Results: The ORRs were 71% in each of the treatment arms with ibrutinib, and an additional 20% of patients in the 420-mg cohort and 15% of patients in the 840-mg cohort experienced a partial response with lymphocytosis. Blood lymphocytosis was generally noted by day 7 in 79% of the patients; it peaked at a median of 4 weeks and then slowly declined. After a follow-up of 26 months, the estimated rate of PFS was 75%, and the rate of overall survival was 83% for all patients, irrespective of the dose. At both doses of ibrutinib, pharmacokinetic data showed rapid absorption and elimination. Furthermore, pharmacodynamic data showed that once-daily ibrutinib provided effective and complete occupancy of BTK. Long-term therapy with ibrutinib was associated with modest toxicity. Most of the adverse events were grade 1 or 2 and included transient diarrhea (47%), upper respiratory tract infection (33%), and fatigue (28%). A majority of the adverse events resolved without the need for suspension of treatment.

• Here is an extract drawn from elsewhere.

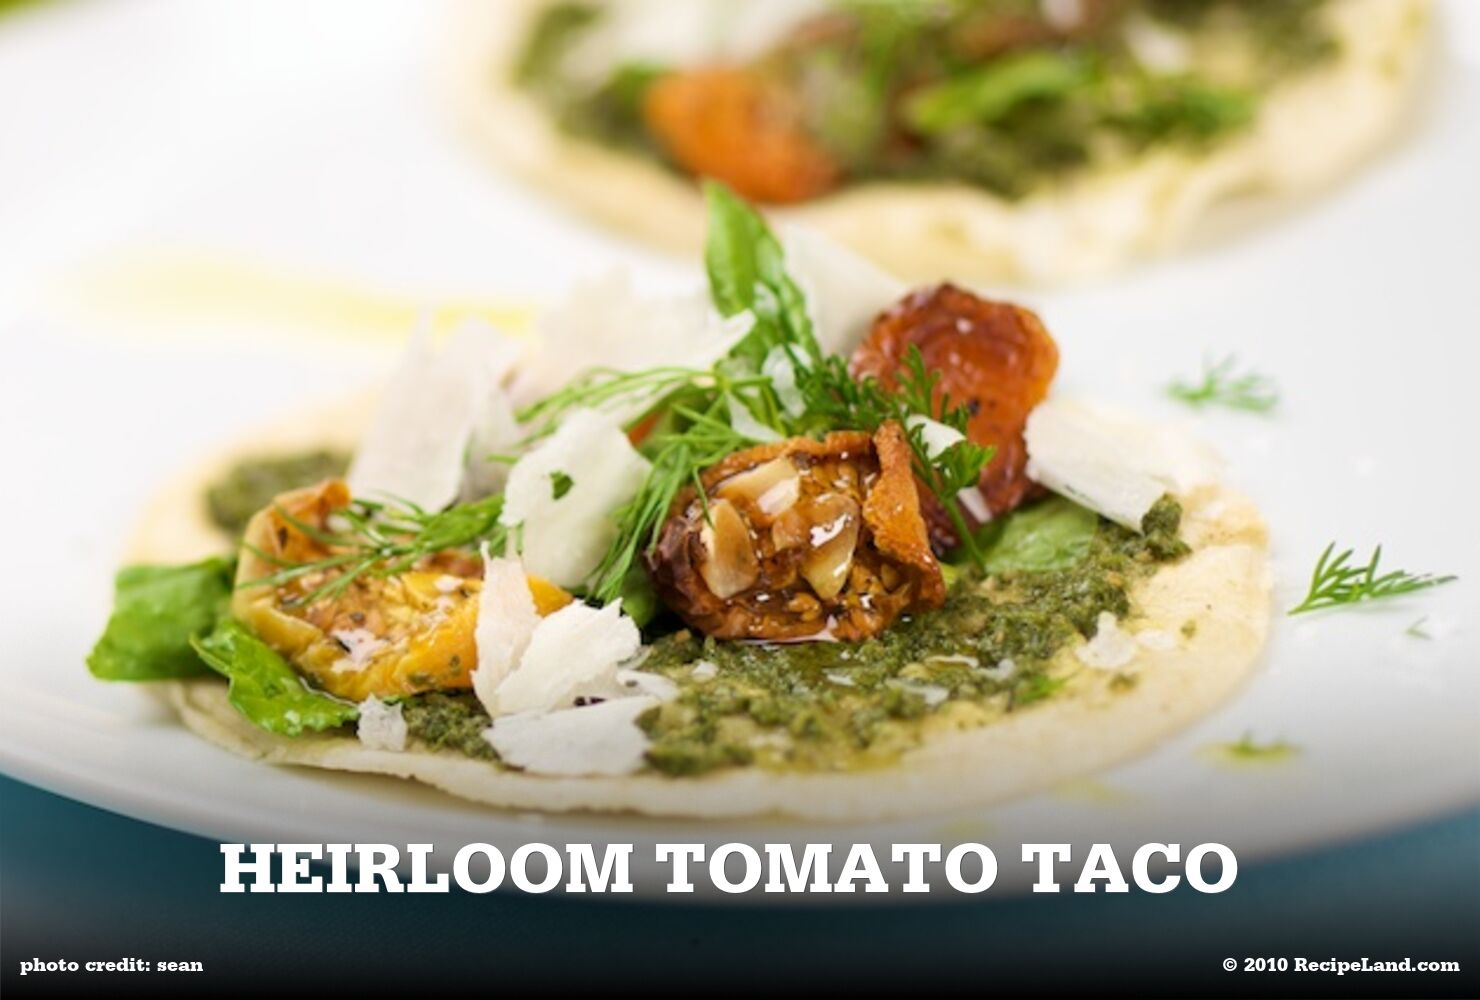 Heirloom Tomato Taco
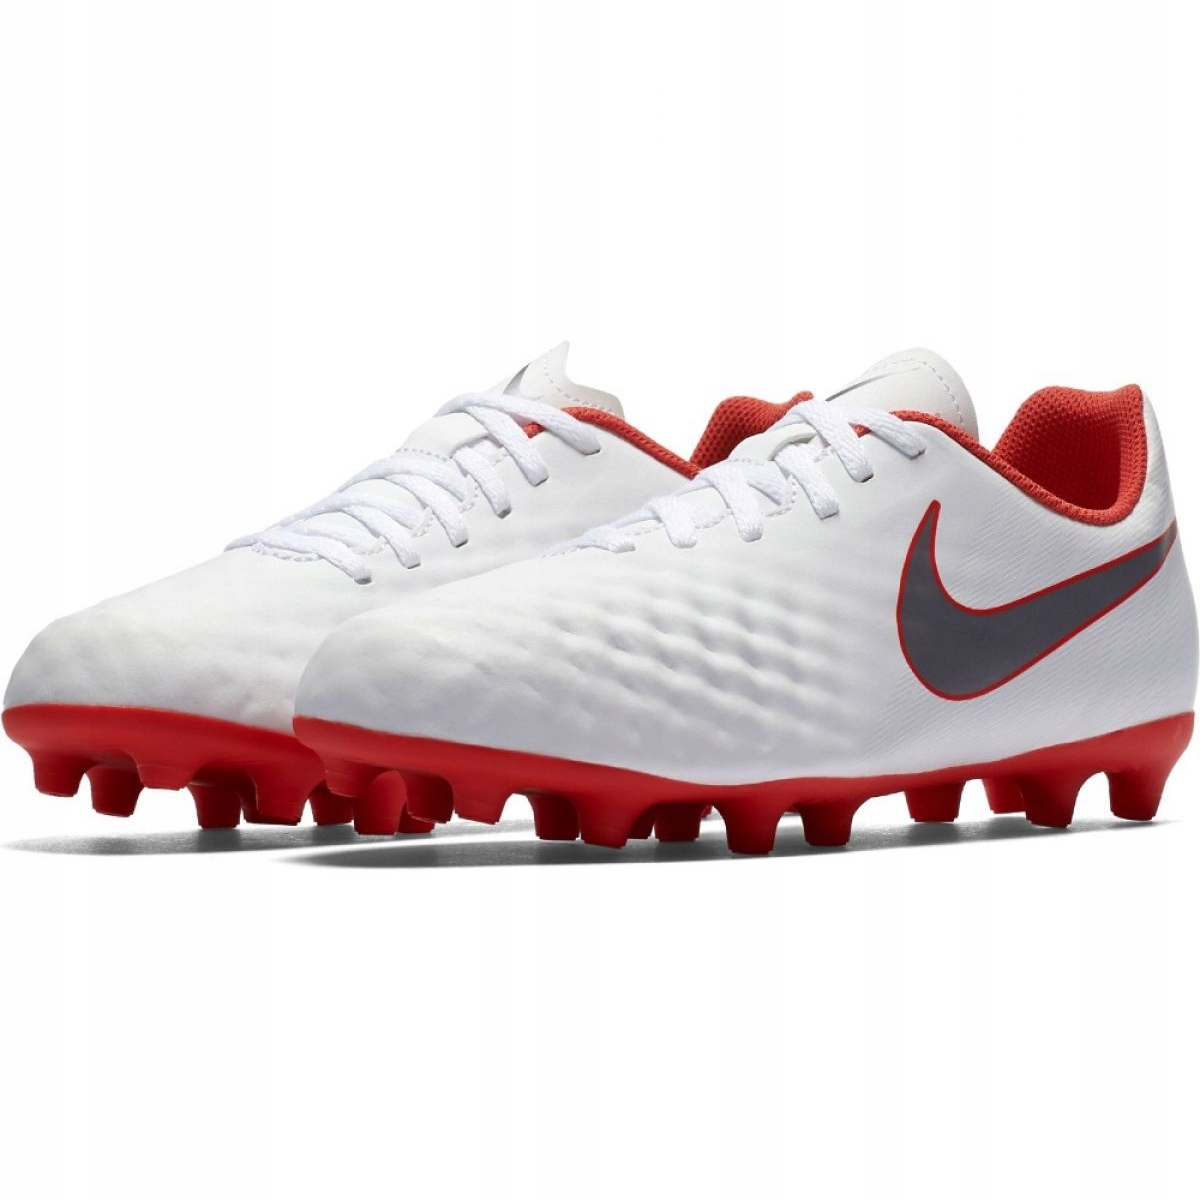 Nike Obra 3 Academy DF MG, Scarpe da Calcio Unisex Adulto

Takeaway: Ibrutinib appears to be both relatively safe and efficacious in the treatment of refractory or relapsed CLL or small lymphocytic lymphoma. It is noteworthy that this study, which was initially designed with 2 arms, was expanded to include a third arm of patients with high-risk disease. Most patients had received a previous nucleoside analog, rituximab, or an alkylator. Despite patients receiving an average of 4 previous therapies, the incidence of infectious complications was not observed during the extended period of therapy (unlike with other salvage therapies). Improvement in cytopenias was seen in 71% of patients who were treated at both dose levels. Complete or partial responses increased over time and peaked at 18 months of therapy. The drug was rapidly absorbed and blocked the BTK enzyme almost completely (a reflection of surrogate kinase inhibition). Ibrutinib was well tolerated, with most adverse events rated as grade 1 or 2 regardless of cause. In the 85 patients who were treated, 7 serious adverse events were observed. In the accompanying editorial in the same issue, Foà and Guarini posed several questions about the role of this drug in patients with relapsed or high-risk CLL (Foà R, Guarini A. N Engl J Med. 2013;369:85-87). They suggest that ibrutinib may play a role when used earlier in the treatment plan. It may also provide an option for patients with CLL who often have multiple comorbidities that would preclude the use of more toxic salvage drugs. Ibrutinib is currently not available commercially, but this study may provide enough data to allow for its approval as an orphan drug.
Byrd JC, Furman RR, Coutre SE, et al. Targeting BTK with ibrutinib in relapsed chronic lymphocytic leukemia. N Engl J Med. 2013;369:32-42.